Every line below is to be copied exactly, with the pictures left out.

=== Provided material ===

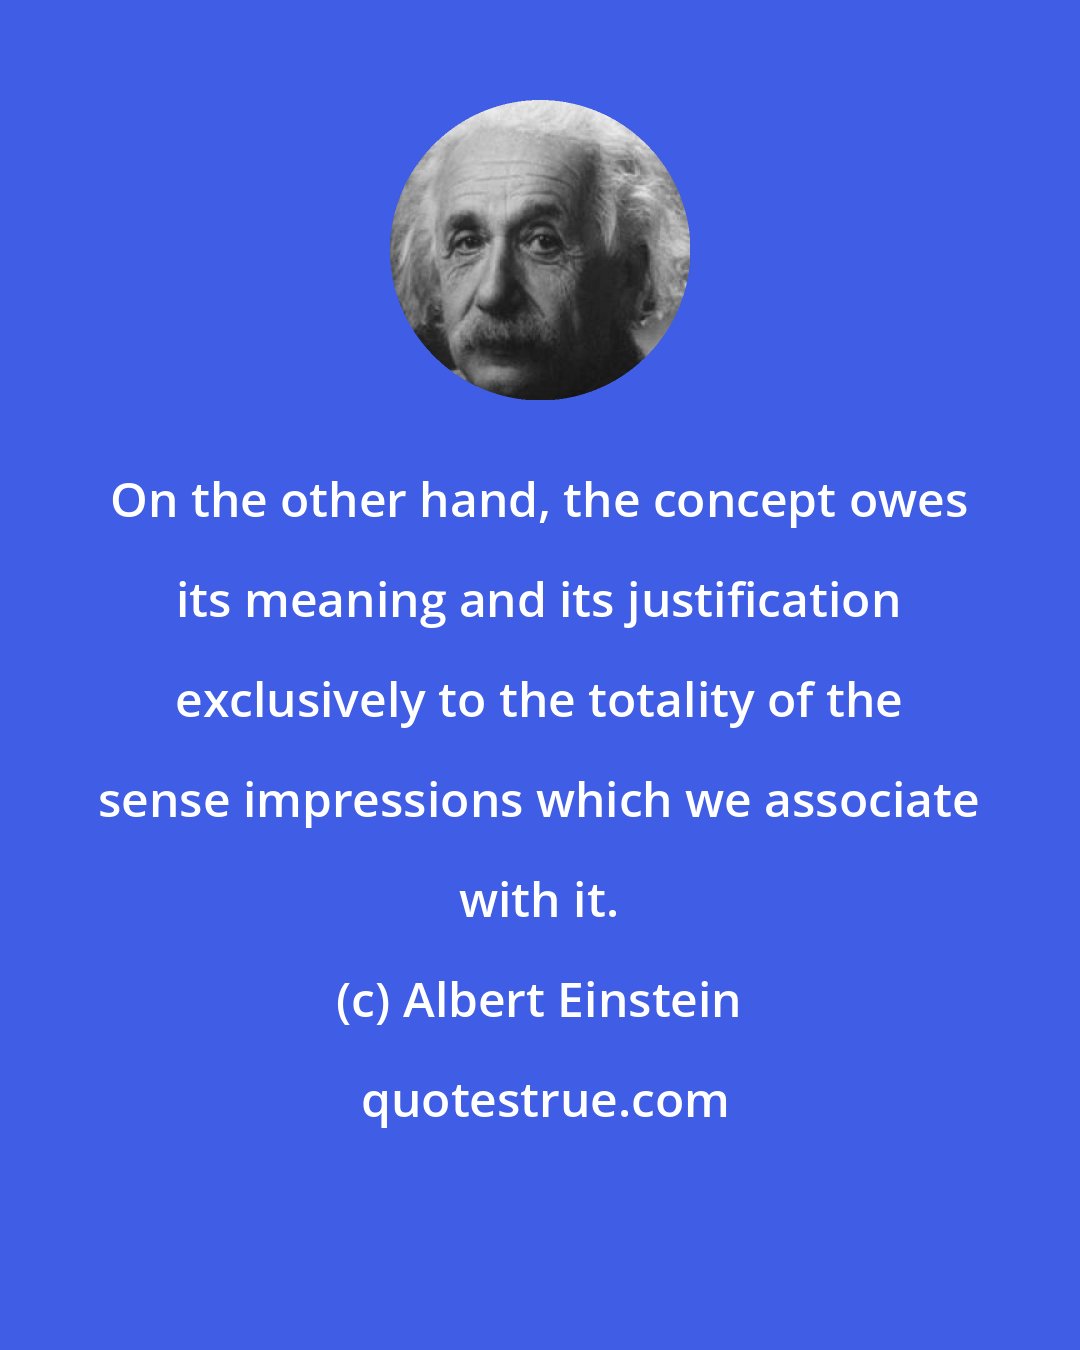 Albert Einstein: On the other hand, the concept owes its meaning and its justification exclusively to the totality of the sense impressions which we associate with it.
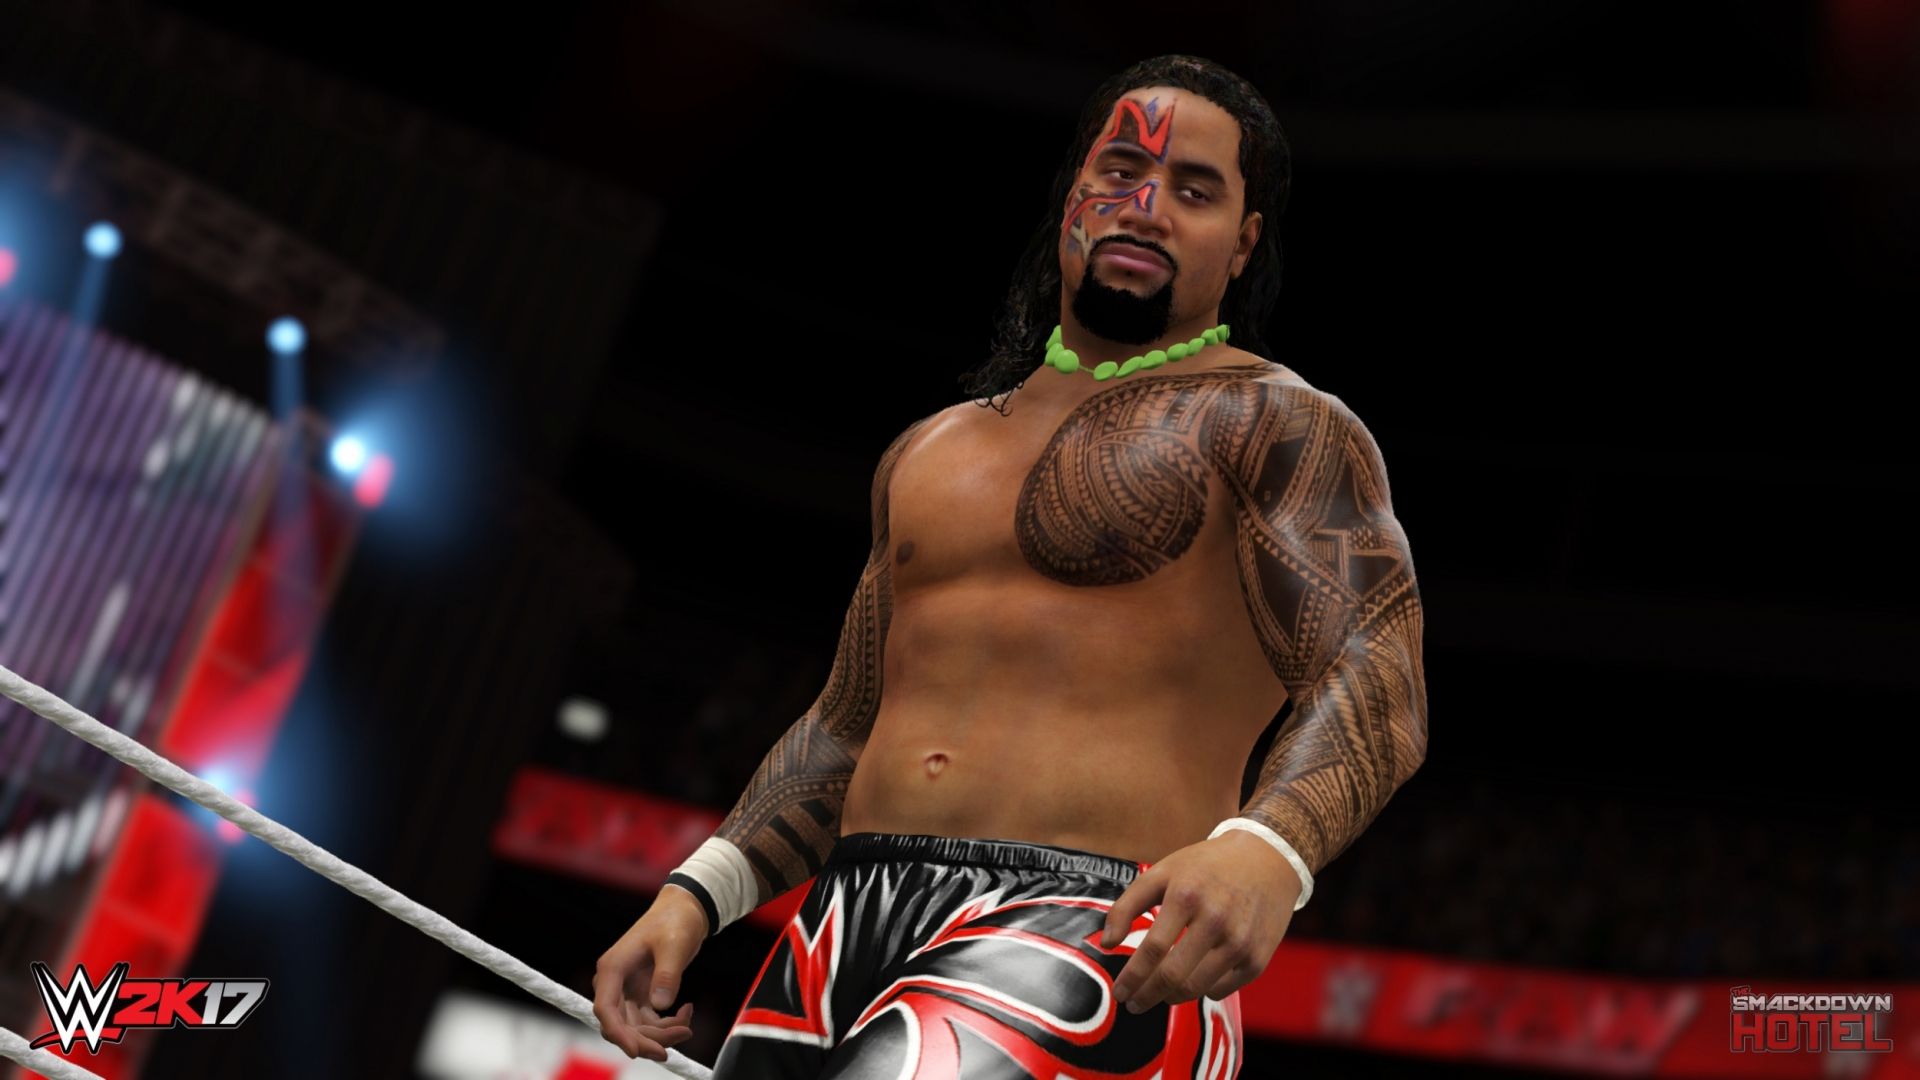 Free download Jimmy Uso WWE 2K17 Roster [1920x1080] for your Desktop, Mobile & Tablet. Explore WWE 2K17 Wallpaper. WWE 2K17 Wallpaper, 2k17 Wallpaper, NBA 2k17 Wallpaper
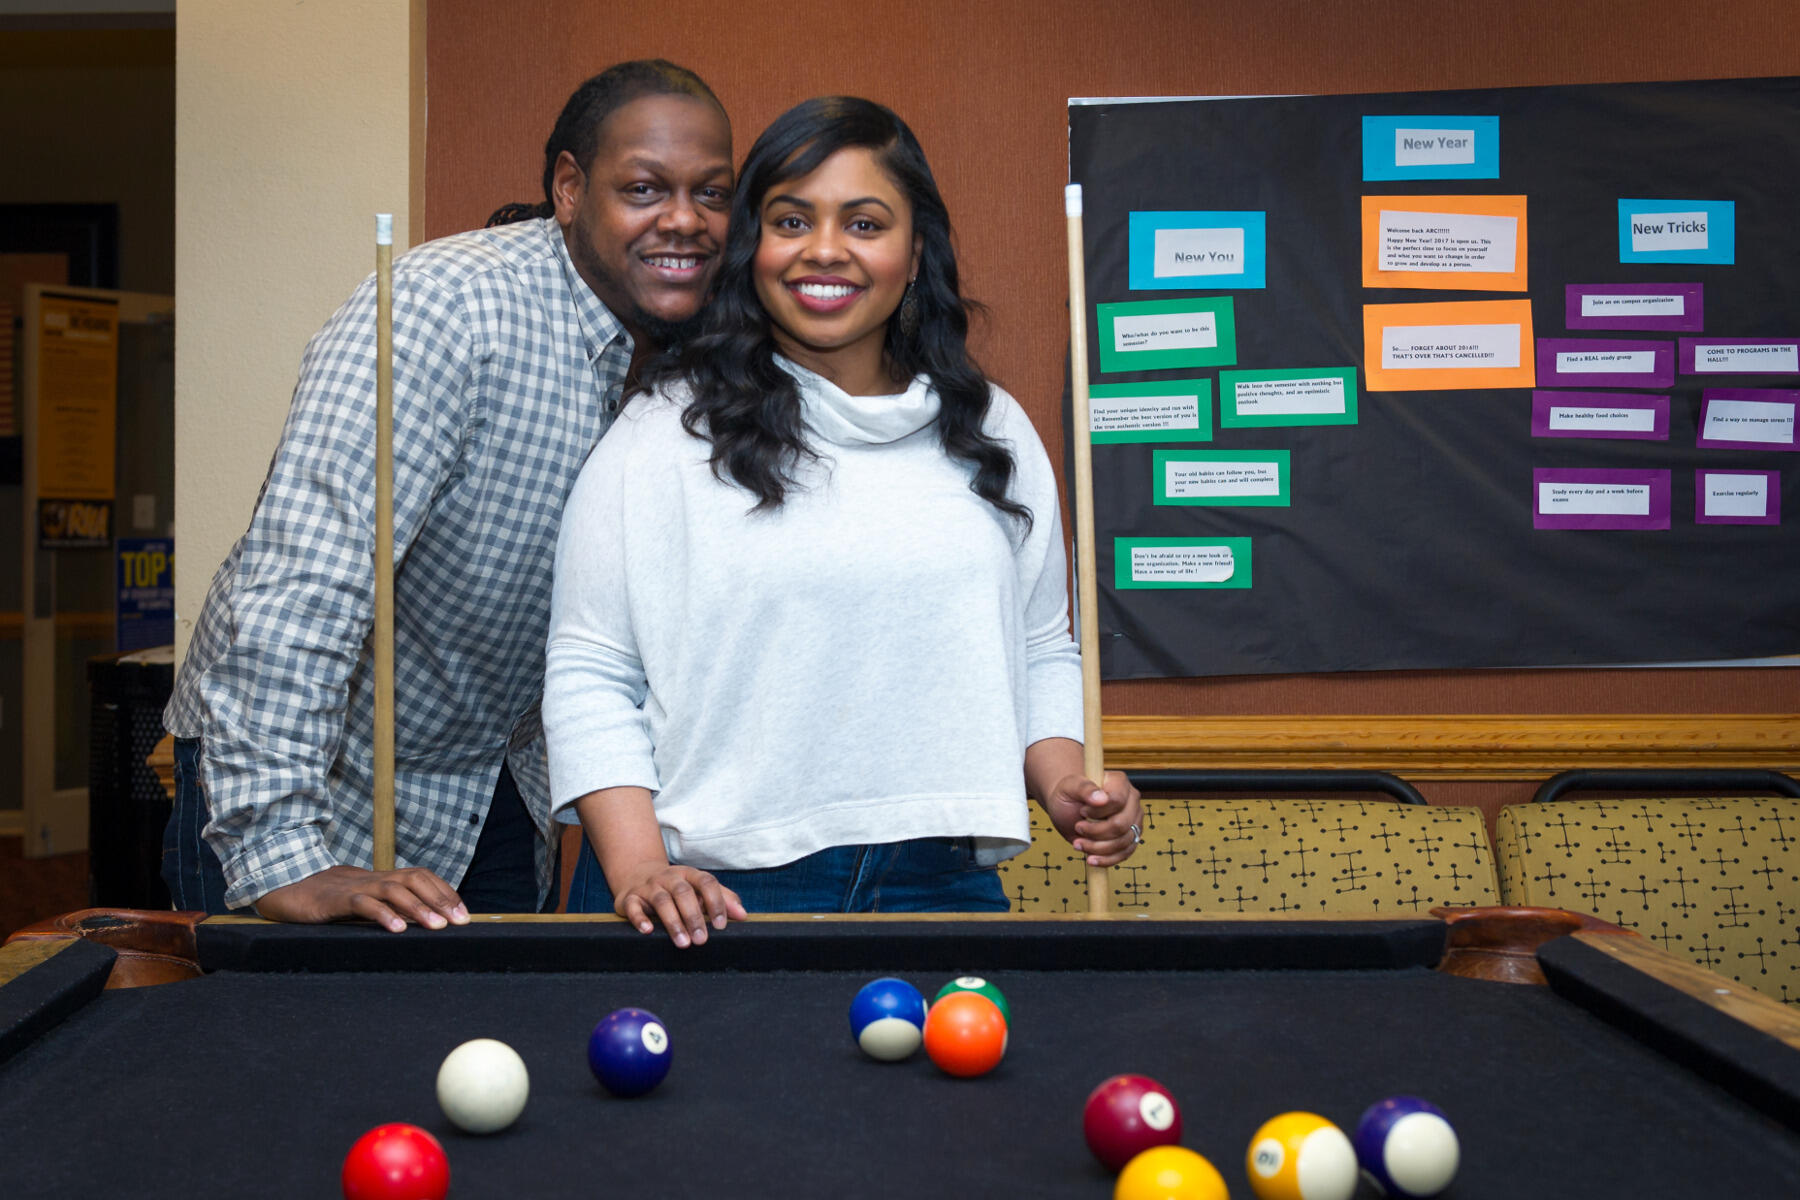 Dwayne and Tierney Jackson in the lounge area of Ackell Residence Center (known as West Broad Apartments when they lived there), where according to Tierney, “Dwayne put the moves on me during a game of pool.”

===

Task output:
 Albert Einstein: On the other hand, the concept owes its meaning and its justification exclusively to the totality of the sense impressions which we associate with it.
 Free download Jimmy Uso WWE 2K17 Roster [1920x1080] for your Desktop, Mobile & Tablet. Explore WWE 2K17 Wallpaper. WWE 2K17 Wallpaper, 2k17 Wallpaper, NBA 2k17 Wallpaper
 Dwayne and Tierney Jackson in the lounge area of Ackell Residence Center (known as West Broad Apartments when they lived there), where according to Tierney, “Dwayne put the moves on me during a game of pool.”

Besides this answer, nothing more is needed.